Poverty statistics matter, not just as a proxy for misery almost inconceivable to Members of this House but because they underline other policy. When asked about the BBC licence fee in Oral Questions this afternoon, could the Minister have stood up and said that the Government want free licence fees for over-75s to go on, having read the report of the noble Baroness, Lady Stroud, and seen that only 12% of over-75s are in poverty? This policy is misdirected and does not survive contact with the facts.

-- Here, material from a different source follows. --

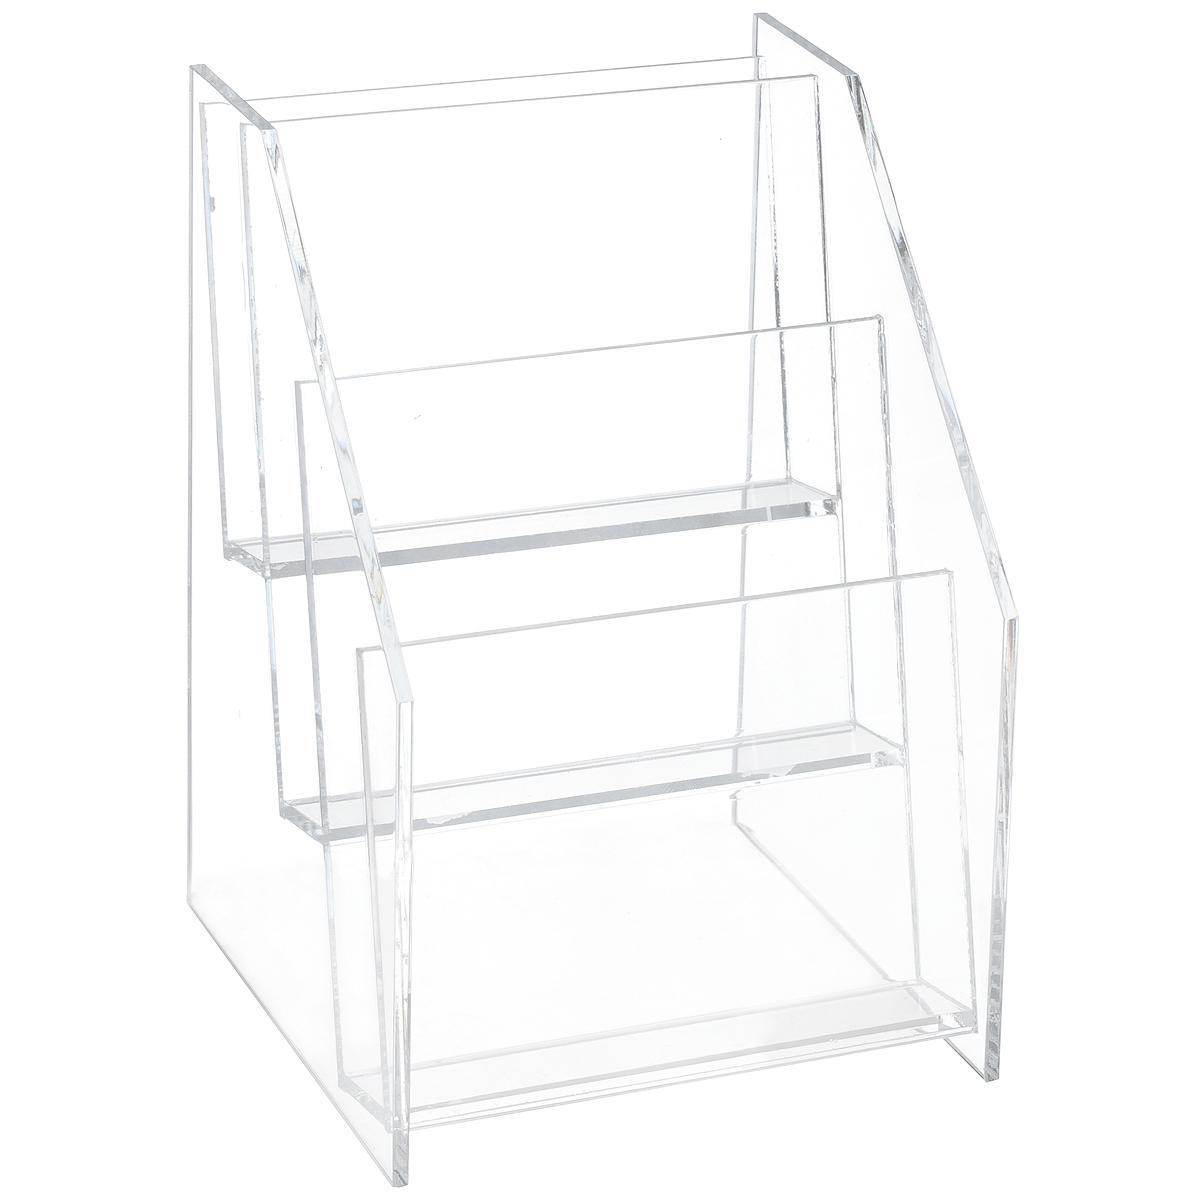 Дисплей для спреев Clearsnap, 9,5 х 9 х 14 см92509Дисплей Clearsnap изготовлен из прозрачного пластика и служит держателем спреев Spritz от Donna Salazar. Изделие оснащено 3 полочками. Легкий и компактный дисплей можно поставить на ровную поверхность в удобном для вас месте. Благодаря такому дисплею спреи всегда будут на месте! Общий размер дисплея: 9,5 см х 9 см х 14 см. Размер полочки: 9 см х 2 см х 10,5 см.
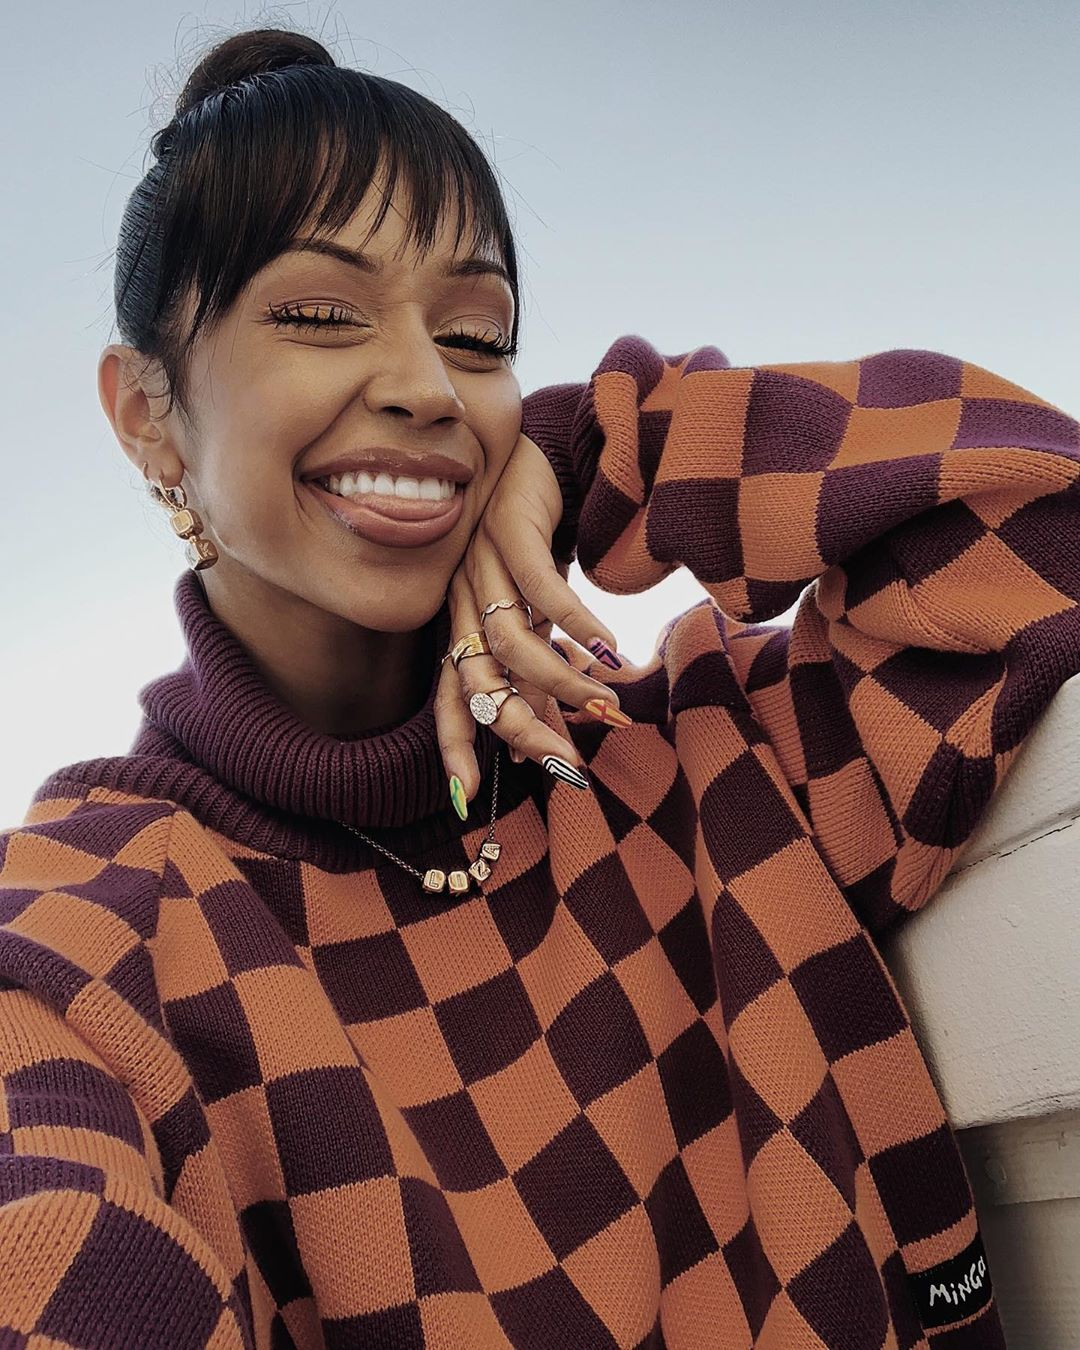 Liza Koshy Lovely Face, apparel ideas, facial expression

Poverty is a Janus-faced statistic in the sense that, on the one hand, it is breakfast, lunch and tea for geeks like me and, on the other, it is controversial, even ideological. We have heard that there is a gap between the right, which tends to prefer what it considers objective measures of poverty based on absolute levels, and the left, which tends to prefer relative measures. Very wisely, the noble Baroness, Lady Stroud, has gone for a relative measure—55% of the median income—but her statistics are vastly more sophisticated than anything we have had in the past. They take account of families’ liquid assets and deal properly with the housing situation, which is important in poverty. This is a huge leap forward.

Personally, not being a great ideologist, I would be quite happy if we gave up disputing for evermore whether absolute or relative measures are right and settled for Stroud. As the noble Baroness would be the first to admit, there is more work to be done on her report. For example, I am concerned about the way it treats disability, important though that is. It would be much better to concentrate on those concerns than to allow this to be sucked once again into the endless maelstrom of political toings and froings and ideologically motivated views. Instead, let us settle for Stroud—or Stroud-plus, as it might be in today’s jargon—and use it from now on to see if we are really making progress against poverty.